Table 3. Binary logistic regression model identifies tumour depth as an independent predictor of lower cSCC R-Smad activity.
Variable | DF | Χ2 (Wald) | P (<0.05) | R.R | 95% CI |
---|---|---|---|---|---|
Depth | 1 | 7.447 | 0.006 | 1.127 | 1.034-1.227 |
Poorly diff | 1 | 3.125 | 0.077 | ||
Site = Lower limb | 1 | 1.168 | 0.280 | ||
Diameter | - | 1.107 | 0.293 | ||
Invasion beyond fat | 1 | 0.739 | 0.390 | ||
Site = Torso | 1 | 0.629 | 0.428 | ||
Clark level ≥IV | 1 | 0.140 | 0.708 | ||
Site = Upper limb | 1 | 0.114 | 0.736 | ||
Site = High-risk H&N | 1 | 0.82 | 0.774 | ||
PNI | 1 | 0.48 | 0.827 | ||
Site = Low-risk H&N | 1 | 0.019 | 0.889 |
Binary outcome = TGF-β Signalling “off” * (0=No, 1=Yes).

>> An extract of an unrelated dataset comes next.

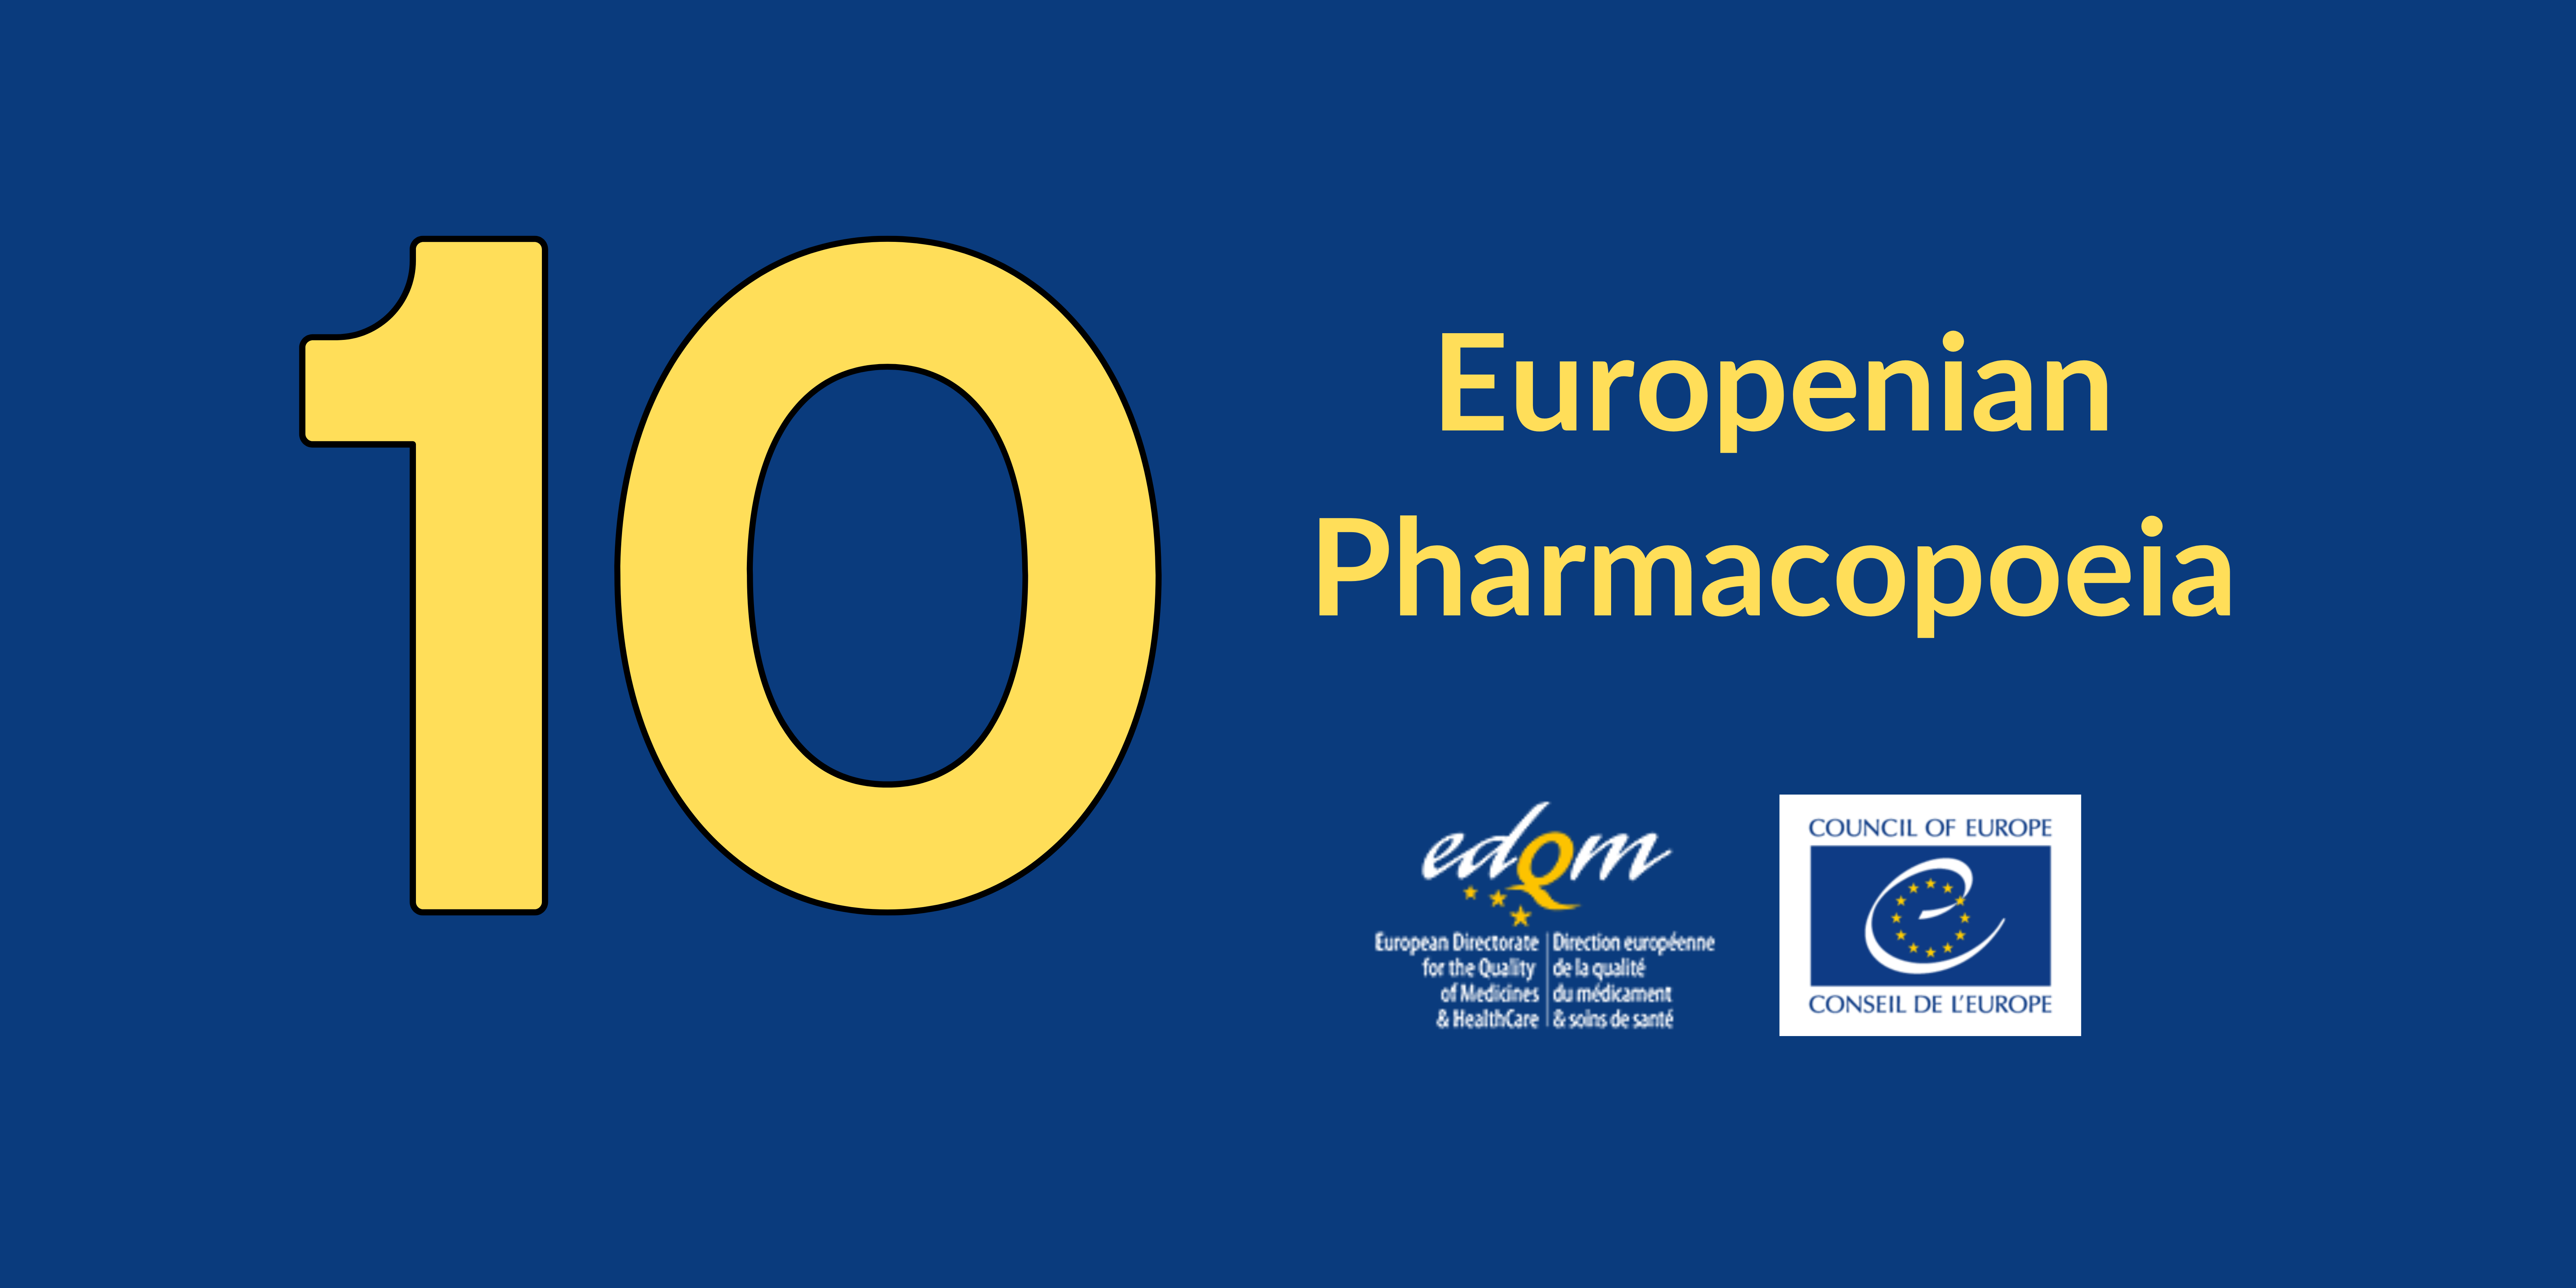 Europenian pharmacopoeia

*≤25th Percentile of the mean (PO4-SMAD2 = ≤ 76, PO4-SMAD3 = ≤ 41). B = Co-efficients, S.E = Standard error of co-efficients, Wald = Wald chi-squared value. df = degree of freedom, Sig. = 2-tailed p-value for testing null hypothesis. Exp(B) = Exponentiation of co-efficients (Odds ratios), C.I = Confidence intervals. H&N = Sun-exposed head and neck, Clark Level IV = Invasion into the reticular dermis, PNI = Perineural invasion.